A key missing capability in current cancer research is the ability to predict how a particular single cancer cell will respond to microenvironmental cues or a drug cocktail. Yet, it is not even possible to perform this task well for normal healthy cells. This work builds on the hypothesis that first principles, mechanistic models of how cells respond to different perturbagens will ultimately improve drug combination response predictions. However, building such single-cell models of complex, large-scale, and incompletely understood systems remains an extremely challenging task. Here, we defined an open-source pipeline for scalable, single-cell mechanistic modeling that converts simple, annotated input files (structured lists of species, parameters, reaction types) into an SBML model file.
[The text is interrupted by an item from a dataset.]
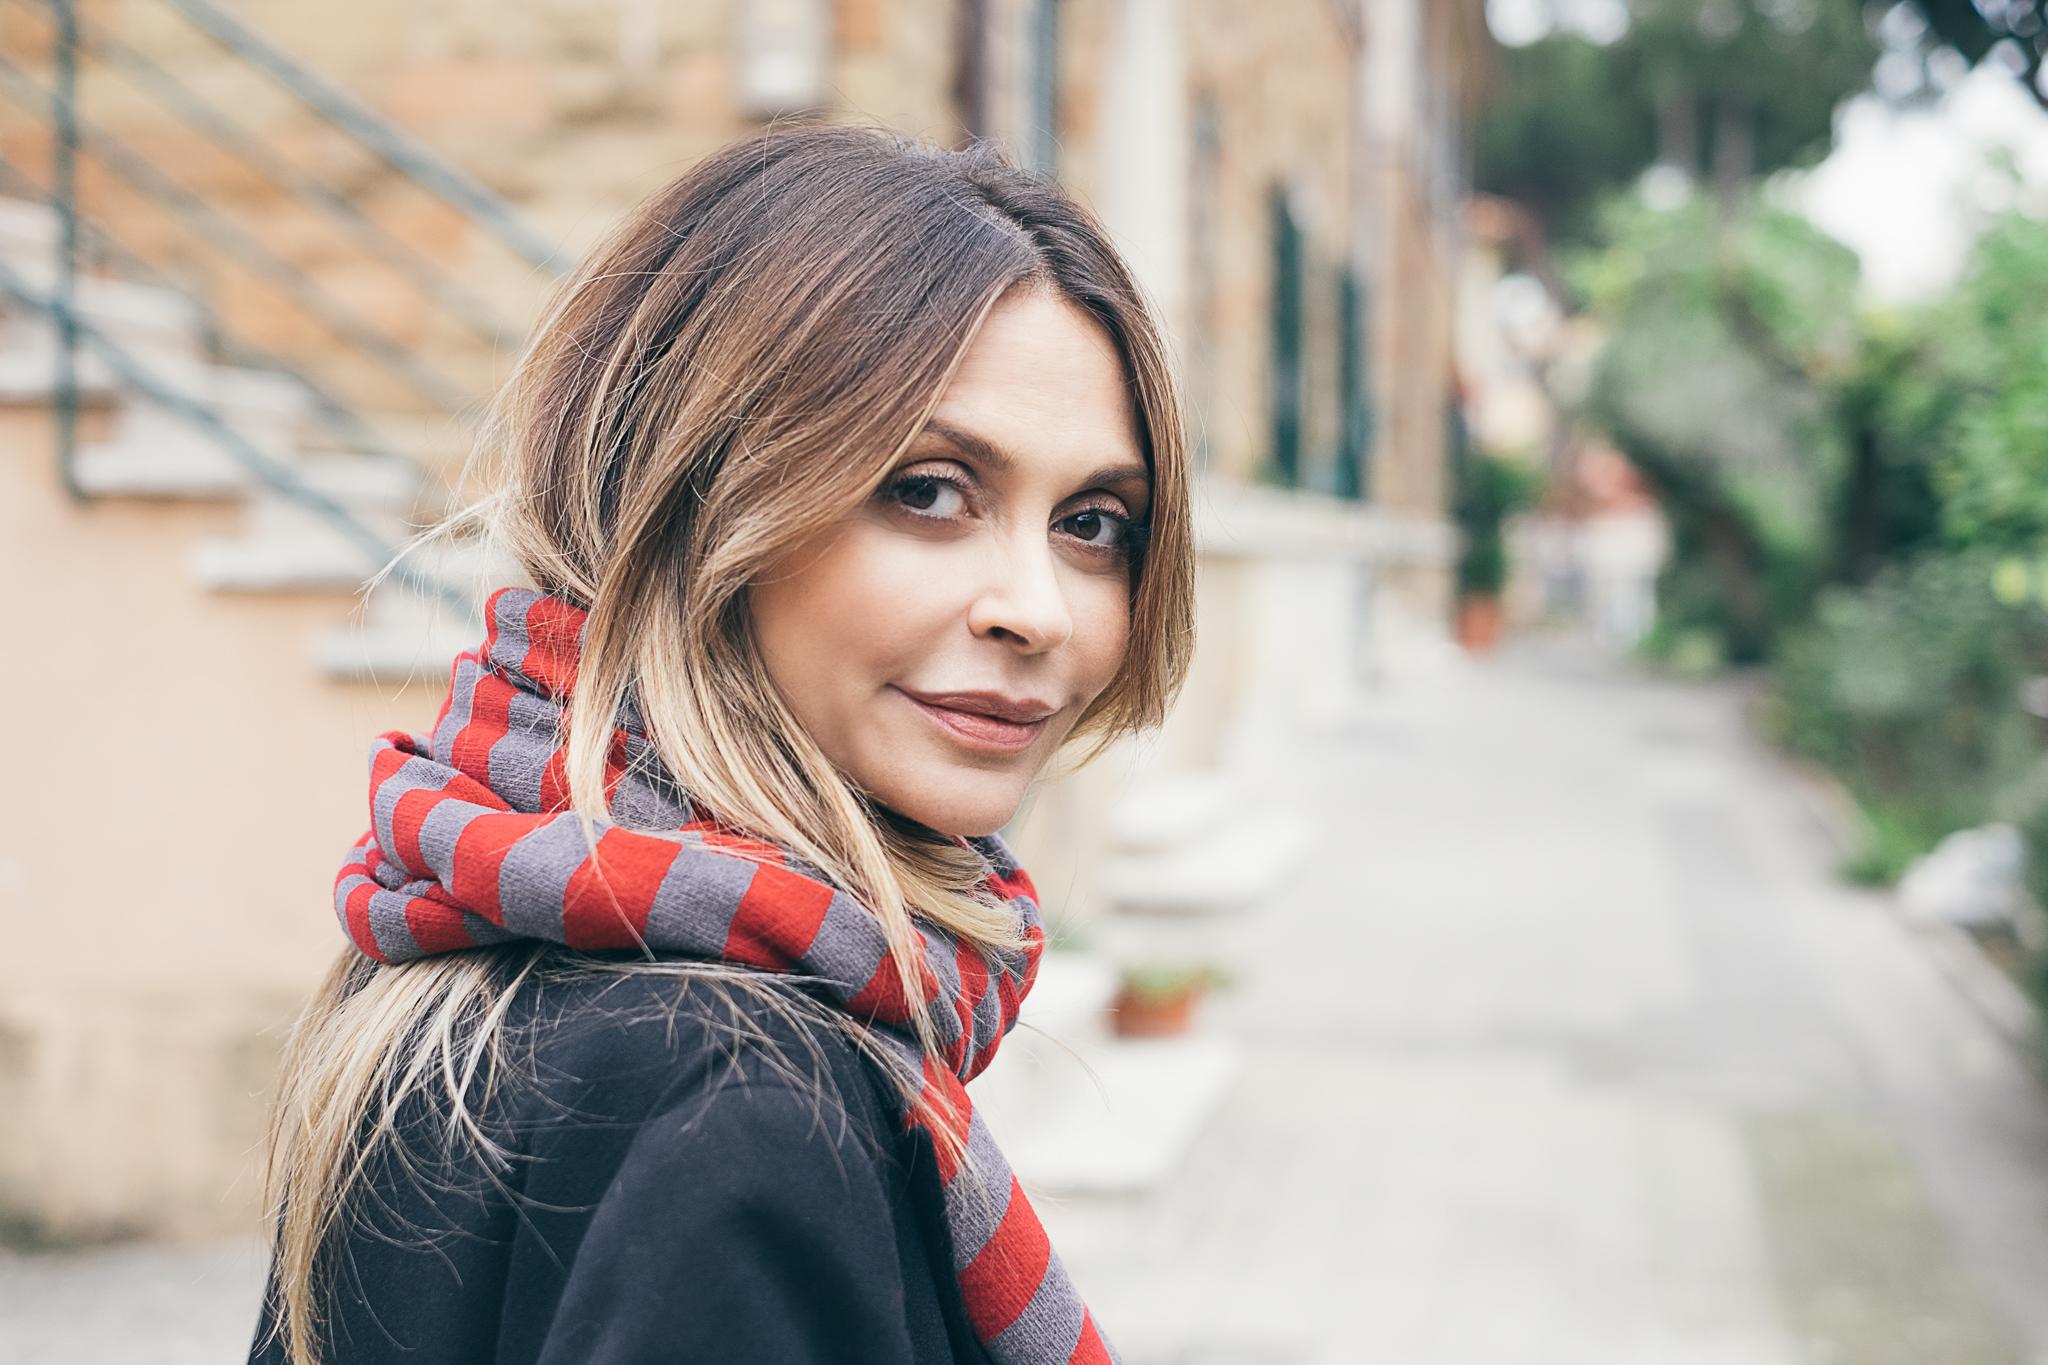 Ritratti_Elda Alvigini2017 (6)

Using this pipeline, (i) we re-created one of the largest pan-cancer signaling models in the literature (774 species, 141 genes, 2400 reactions), (ii) enlarged the model to include Interferon-γ (IFNγ) signaling pathway (950 species, 150 genes, 2500 reactions), and (iii) re-parametrized the model to test and prioritize candidate mechanisms. Specifically, we used the enlarged model to test alternative mechanistic hypotheses for the experimental observations that IFNγ inhibits epidermal growth factor (EGF)-induced cell proliferation. Our single-cell-simulation-based analysis suggested, and experiments support that these observations are better explained by IFNγ-induced SOCS1 expression sequestering activated EGF receptors, thereby downregulating AKT activity, as opposed to direct IFNγ-induced upregulation of p21 expression. Finally, our new modeling format is available online and compatible with high performance (Kubernetes) computing platforms, enabling us to study virtual cell population responses. Overall, our new model enables easy modification of large mechanistic models and simulation of thousands of single-cell responses to multiple ligands and drug combinations.